__Problem to solve__. Please set down only the lines below starting with the line with "Van Cleef &" and going on through the line with "Spesifikasi dan Harga", verbatim and without pictures.

__Supplied data__.
###
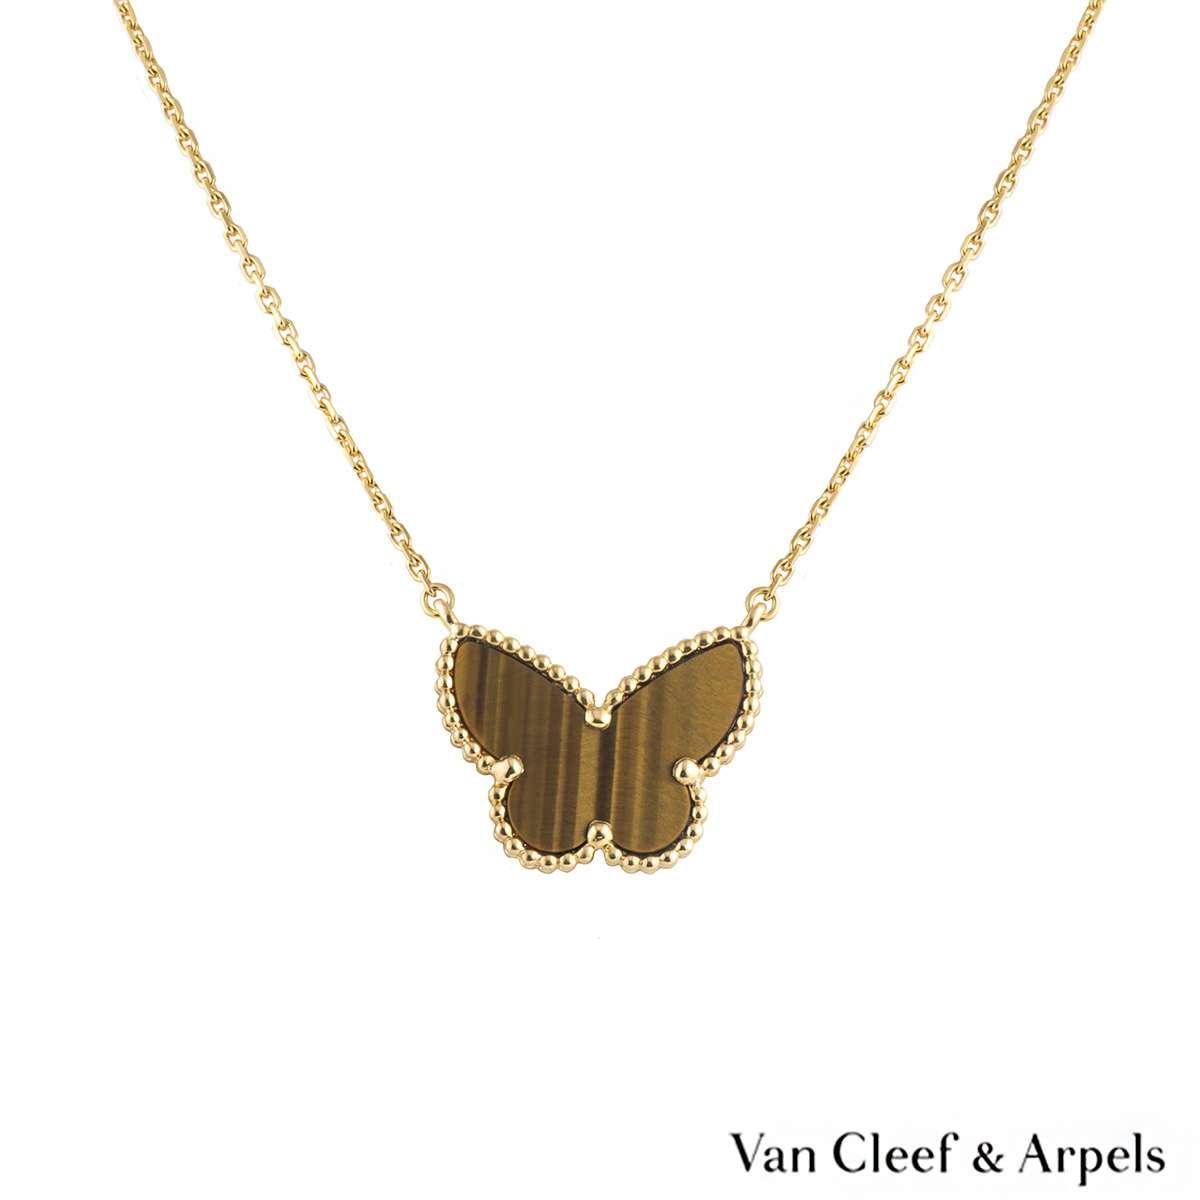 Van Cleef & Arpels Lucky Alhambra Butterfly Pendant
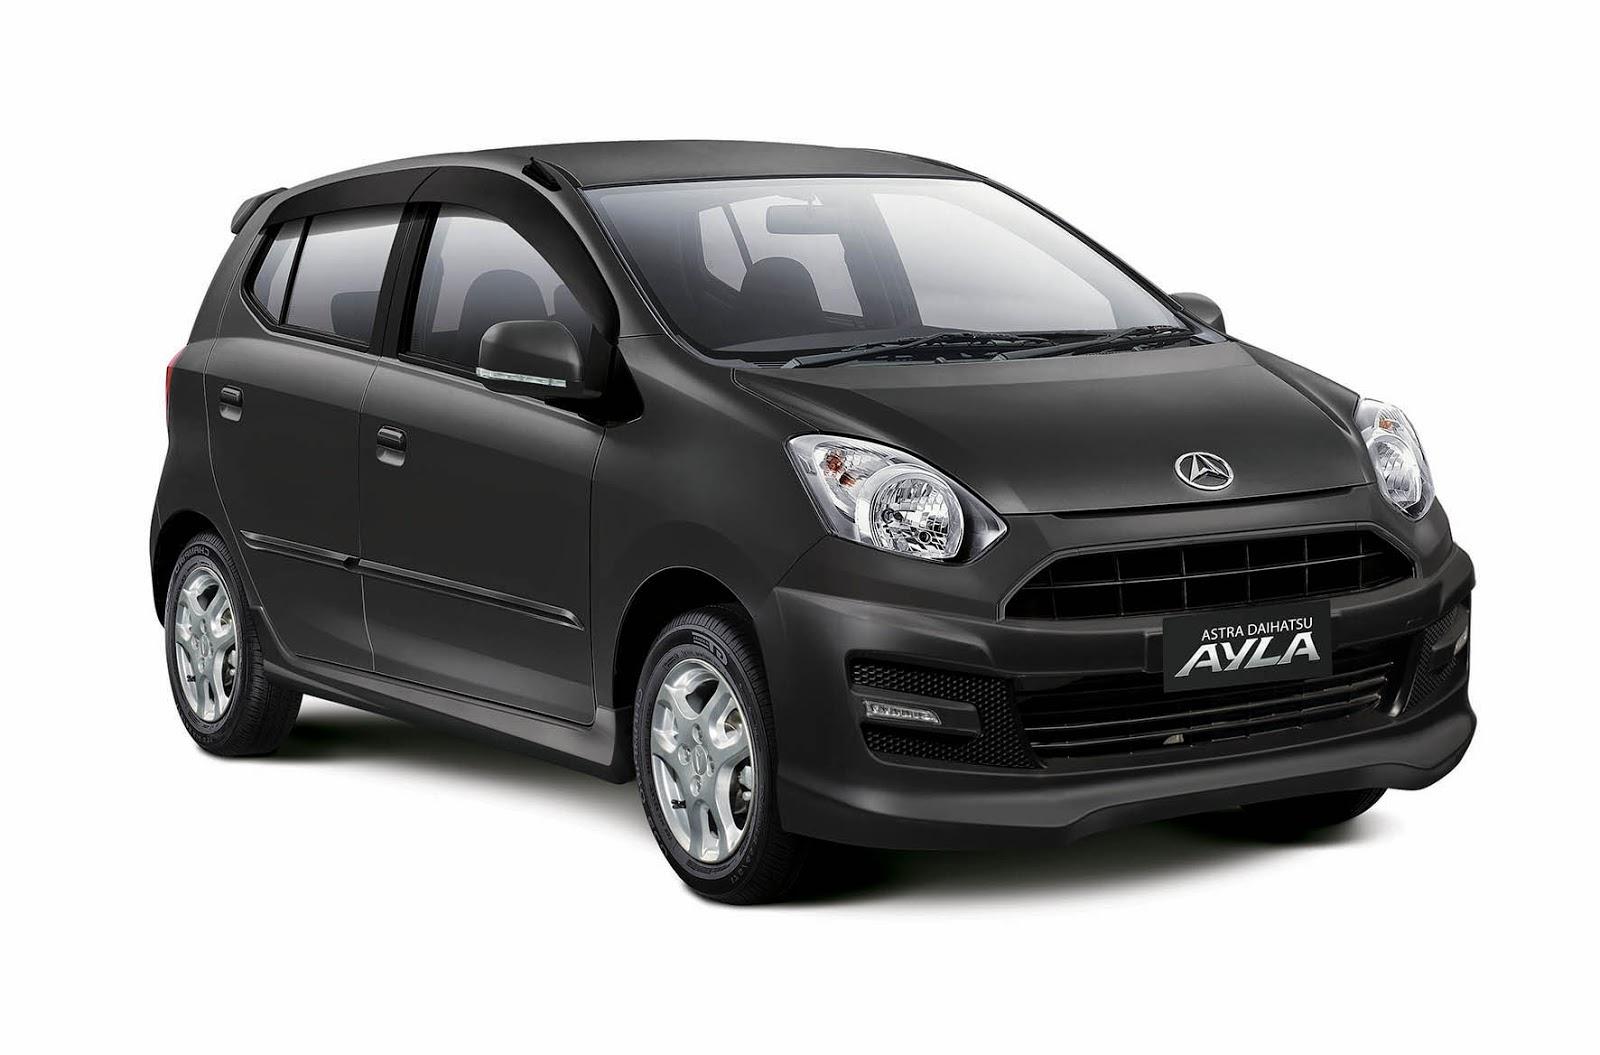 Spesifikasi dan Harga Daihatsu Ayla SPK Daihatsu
###
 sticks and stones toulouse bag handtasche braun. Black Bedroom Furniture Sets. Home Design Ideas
###
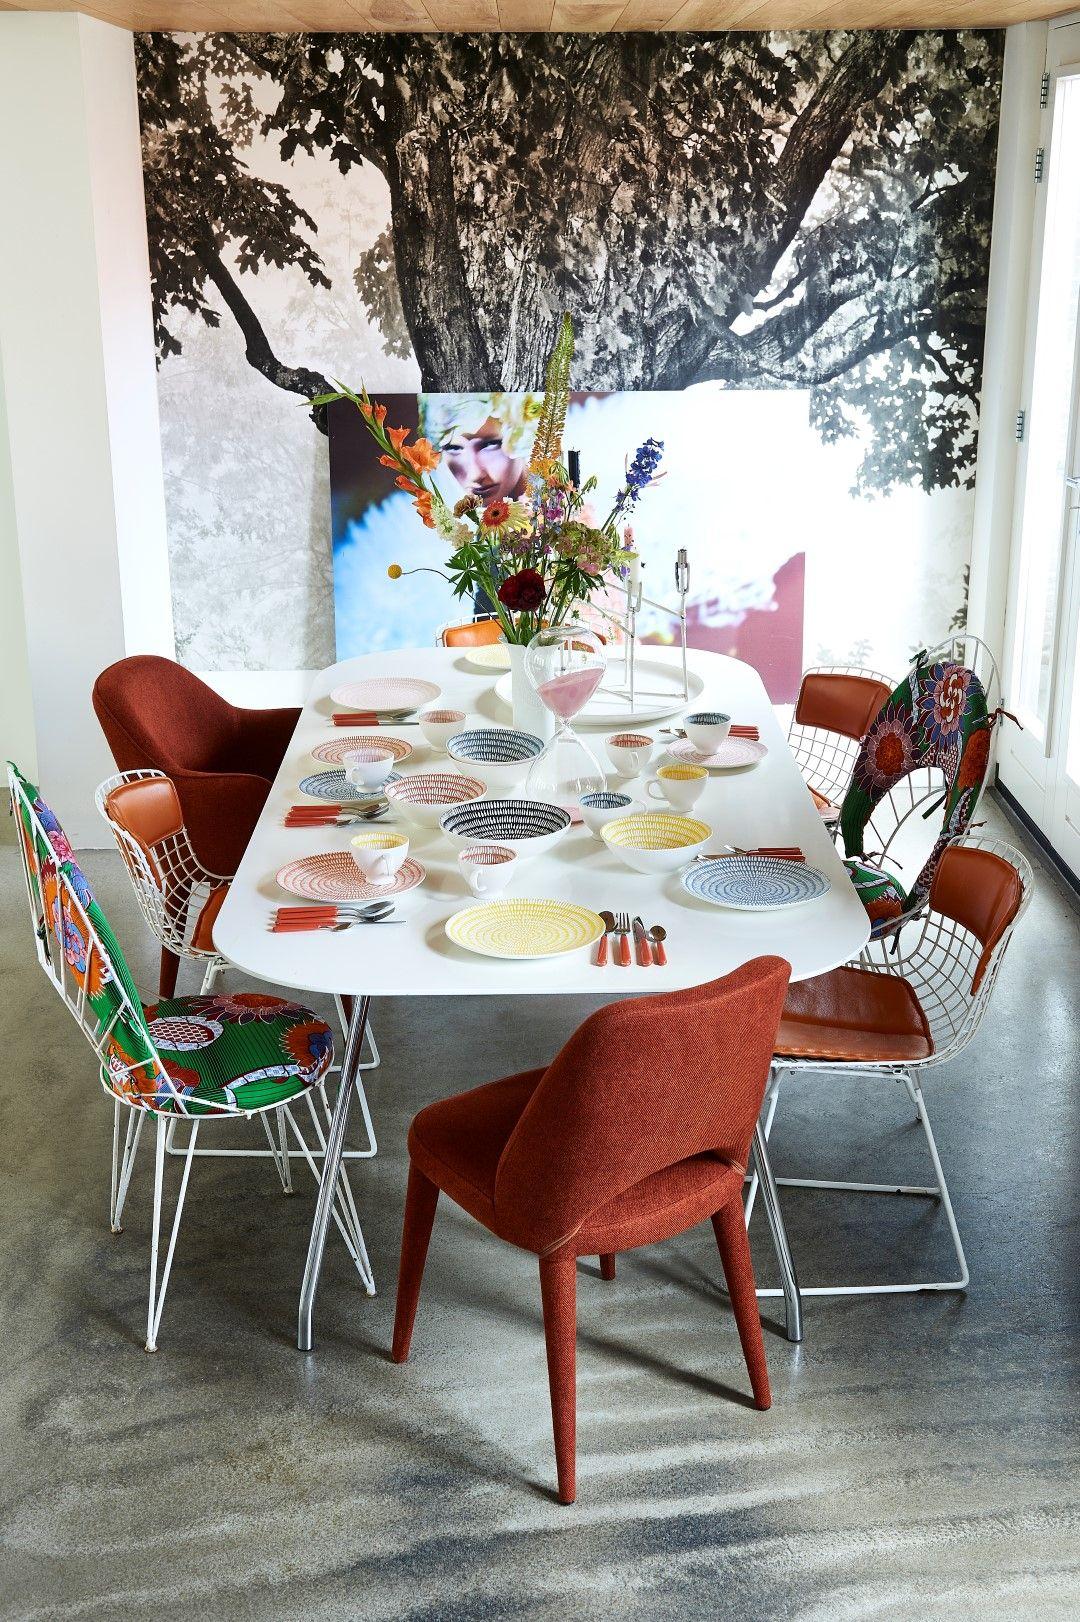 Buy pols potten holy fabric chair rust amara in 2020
###
__Solved exercise__.
 Van Cleef & Arpels Lucky Alhambra Butterfly Pendant
 Spesifikasi dan Harga Daihatsu Ayla SPK Daihatsu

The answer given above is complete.